Home > GIStemp, LSCF, Statistics > Lines, Sines, and Curve Fitting 8 – D'Agostino

Lines, Sines, and Curve Fitting 8 – D'Agostino

2011 January 16

The eyeball and quick sigma population checks in the previous post provided some confidence that the global temperature anomalies are normally distributed over the mean. But there are more formal tests, including D’Agostino normality test.

From wiki:

In statistics, D’Agostino’s K2 test is a goodness-of-fit measure of departure from normality, that is the test aims to establish whether or not the given sample comes from a normally distributed population. The test is based on transformations of the sample kurtosis and skewness, and has power only against the alternatives that the distribution is skewed and/or kurtic.

http://en.wikipedia.org/wiki/D’Agostino’s_K-squared_test

D’Agostino tests the skew and kurtosis of a distribution. Failing the test indicates that the distribution is skewed or kurtic to the point that it is not normal. Passing the test is not proof positive that the distribution is in fact normal.

We’ll first take a look at three intentionally distorted distributions: a high kurtosis, a low kurtosis, and a skewed distribution. I had trouble skewing the distribution without also trigging kurtic indicators in the D’Agostino test. The results of each D’Agostino test follows the displayed distribution.

The D’Agostino test is included in a financial basics package from rmetrics.org.

dagoTest(rn5)

Title:
 D'Agostino Normality Test

Test Results:
  STATISTIC:
    Chi2 | Omnibus: 43.6439
    Z3  | Skewness: -0.5324
    Z4  | Kurtosis: 6.5849
  P VALUE:
    Omnibus  Test: 3.333e-10
    Skewness Test: 0.5945
    Kurtosis Test: 4.553e-11

dagoTest(rn6)

Title:
 D'Agostino Normality Test

Test Results:
  STATISTIC:
    Chi2 | Omnibus: 34.441
    Z3  | Skewness: -0.3546
    Z4  | Kurtosis: 5.8579
  P VALUE:
    Omnibus  Test: 3.321e-08
    Skewness Test: 0.7229
    Kurtosis Test: 4.687e-09

dagoTest(rn7)

Title:
 D'Agostino Normality Test

Test Results:
  STATISTIC:
    Chi2 | Omnibus: 41.7927
    Z3  | Skewness: -5.8956
    Z4  | Kurtosis: 2.6523
  P VALUE:
    Omnibus  Test: 8.41e-10
    Skewness Test: 3.734e-09
    Kurtosis Test: 0.007994

It appears that very low values of the p-value indicate that the distribution does not pass the given test for Omnibus (the overall D’Agostino test for ‘could be normal’) or the subcomponents for Skewness or Kurtosis.

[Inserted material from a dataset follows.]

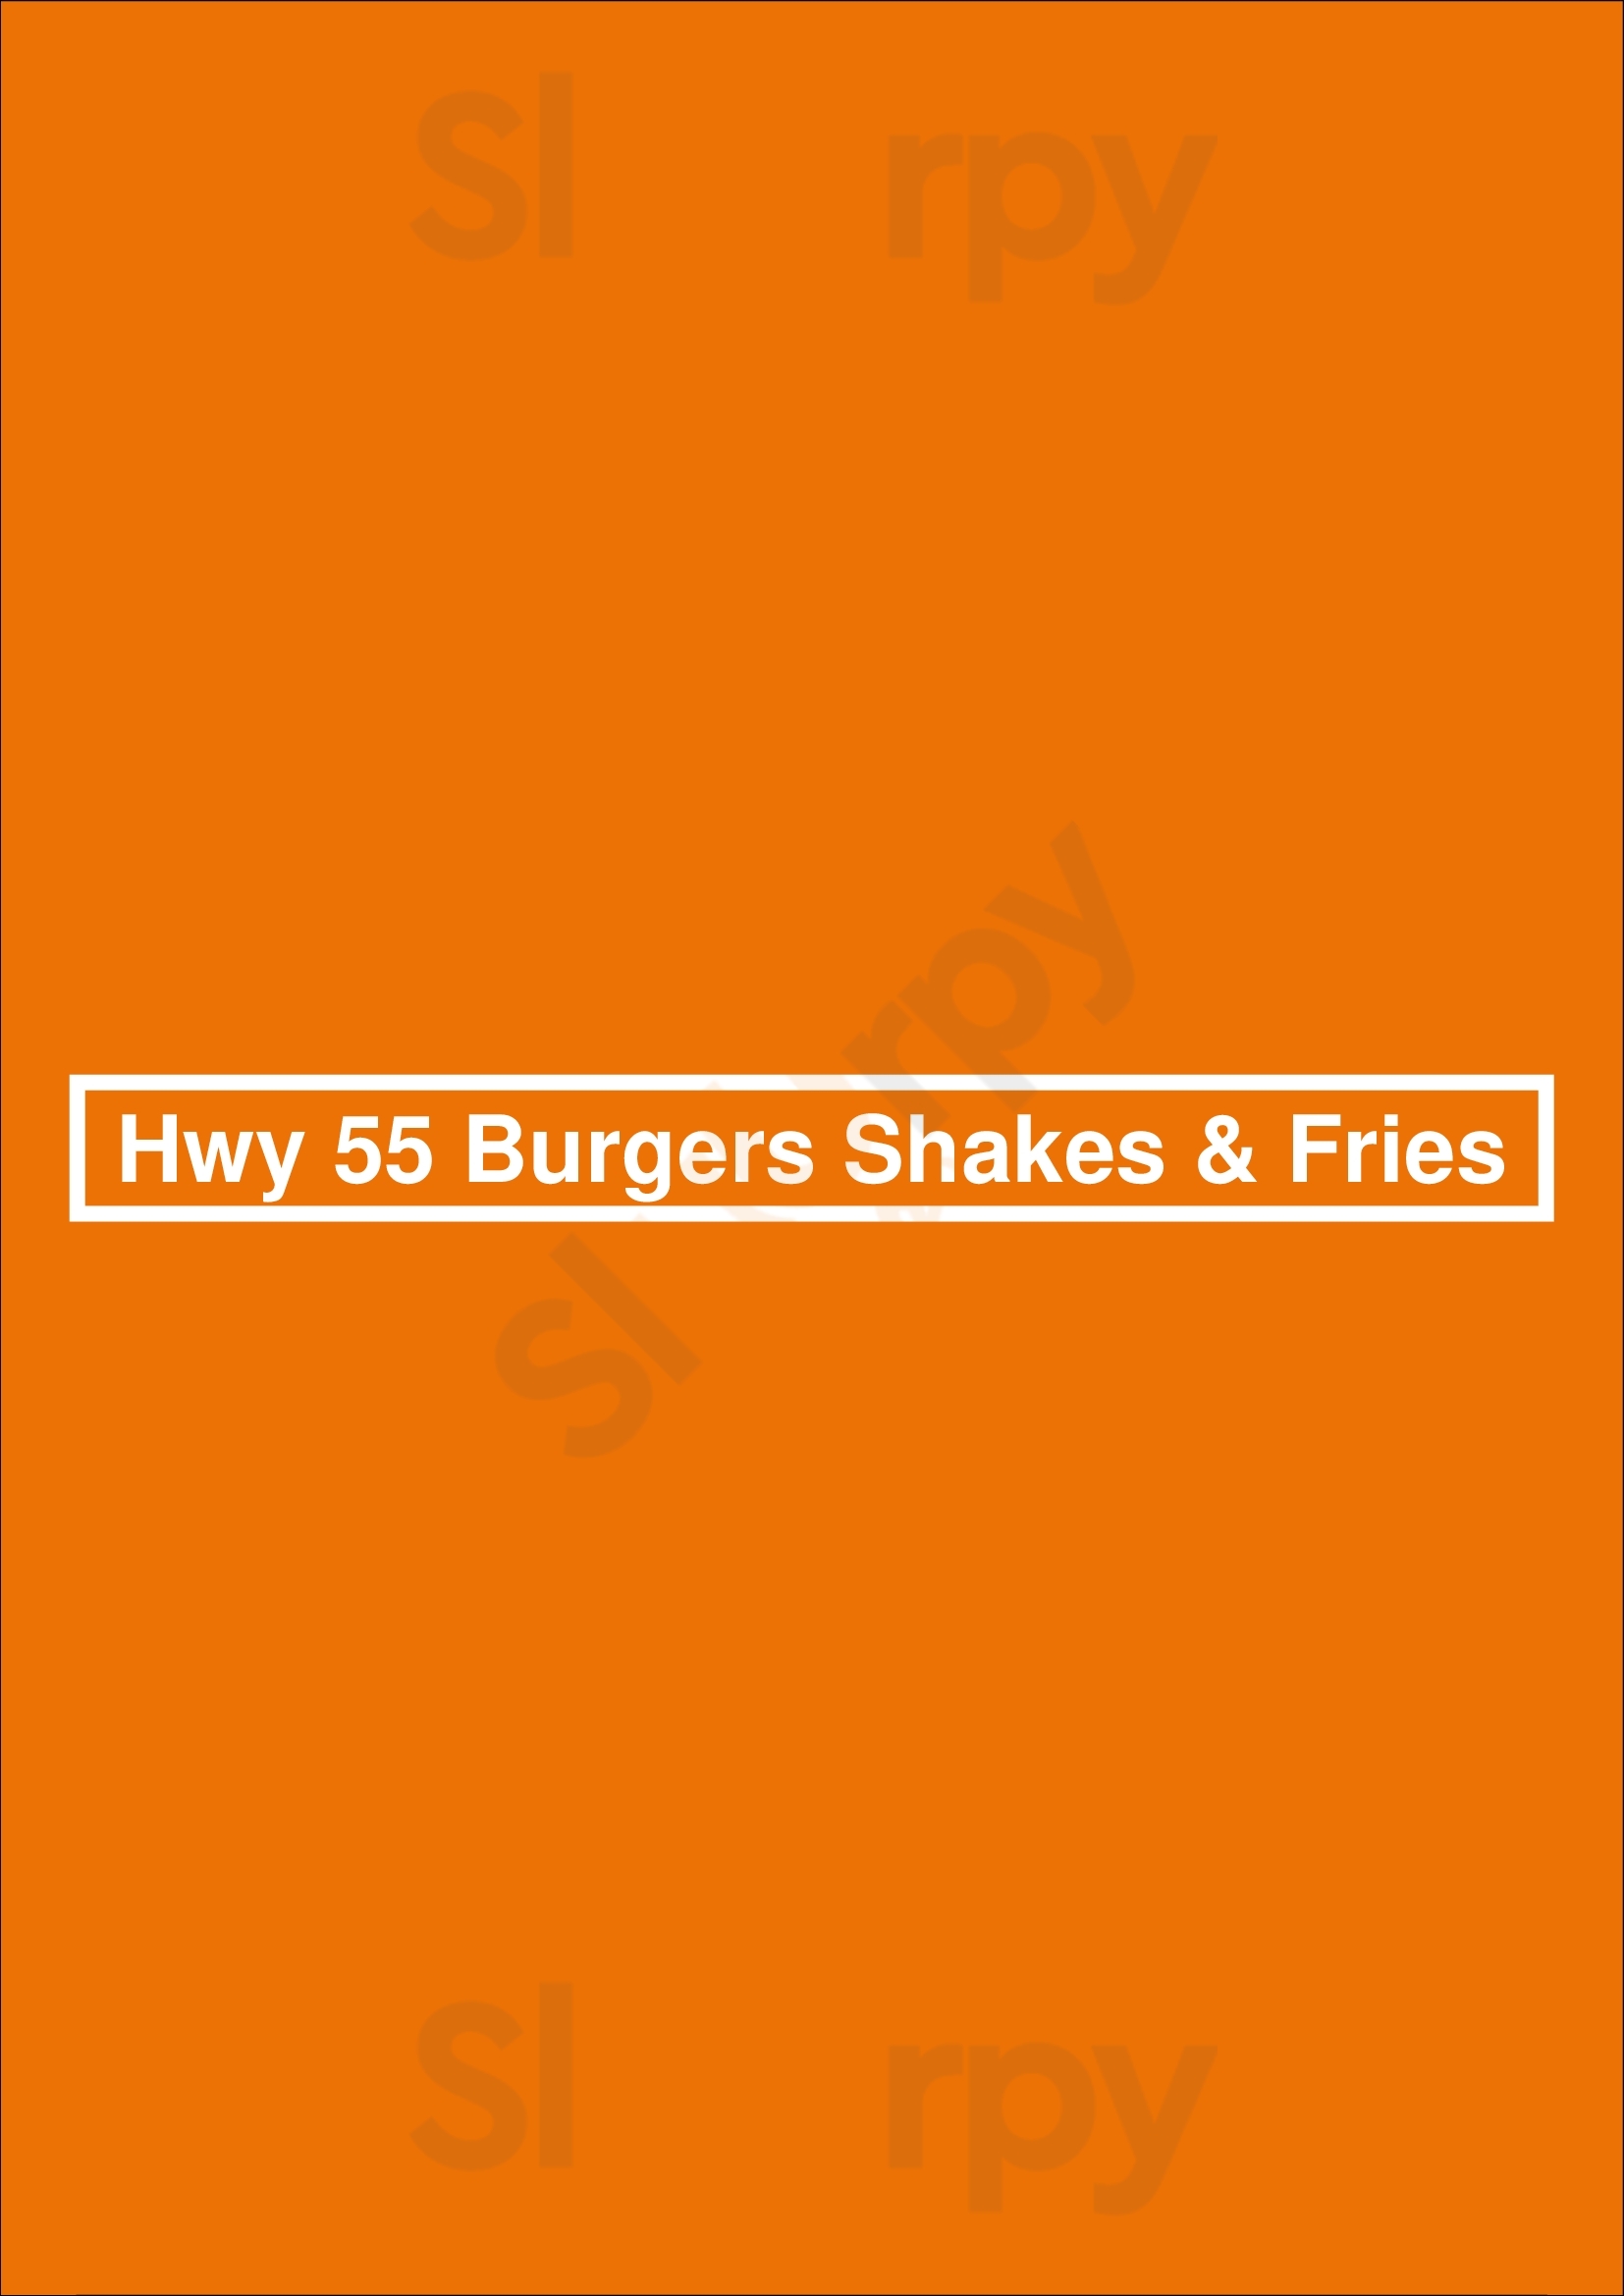 Hwy 55 Burgers Shakes & Fries Searcy Menu - 1

Now we can look at the four distributions that we looked at in the previous post. Each set contains more residual data points from the mean than the one before.

1) GISTEMP annual 1970-2010
2) GISTEMP annual 1880-2010
3) GISTEMP monthly 1970-2010
4) GISTEMP monthly 1880-2010

Test Results:
  STATISTIC:
    Chi2 | Omnibus: 3.3396
    Z3  | Skewness: -0.4131
    Z4  | Kurtosis: -1.7801
  P VALUE:
    Omnibus  Test: 0.1883
    Skewness Test: 0.6795
    Kurtosis Test: 0.07505

Test Results:
  STATISTIC:
    Chi2 | Omnibus: 0.6071
    Z3  | Skewness: 0.0594
    Z4  | Kurtosis: -0.7769
  P VALUE:
    Omnibus  Test: 0.7382
    Skewness Test: 0.9526
    Kurtosis Test: 0.4372

Test Results:
  STATISTIC:
    Chi2 | Omnibus: 0.0225
    Z3  | Skewness: -0.1197
    Z4  | Kurtosis: 0.0904
  P VALUE:
    Omnibus  Test: 0.9888
    Skewness Test: 0.9047
    Kurtosis Test: 0.928

Test Results:
  STATISTIC:
    Chi2 | Omnibus: 0.3223
    Z3  | Skewness: 0.032
    Z4  | Kurtosis: -0.5668
  P VALUE:
    Omnibus  Test: 0.8512
    Skewness Test: 0.9745
    Kurtosis Test: 0.5709

The tests results do not uniformly improve with increasing data points. The monthly 1880-2010 set of residuals are not an improvement over the monthly 1970-2010. This is probably an indication that the 1940-1970 cooling trend is throwing off the distribution around a linear mean.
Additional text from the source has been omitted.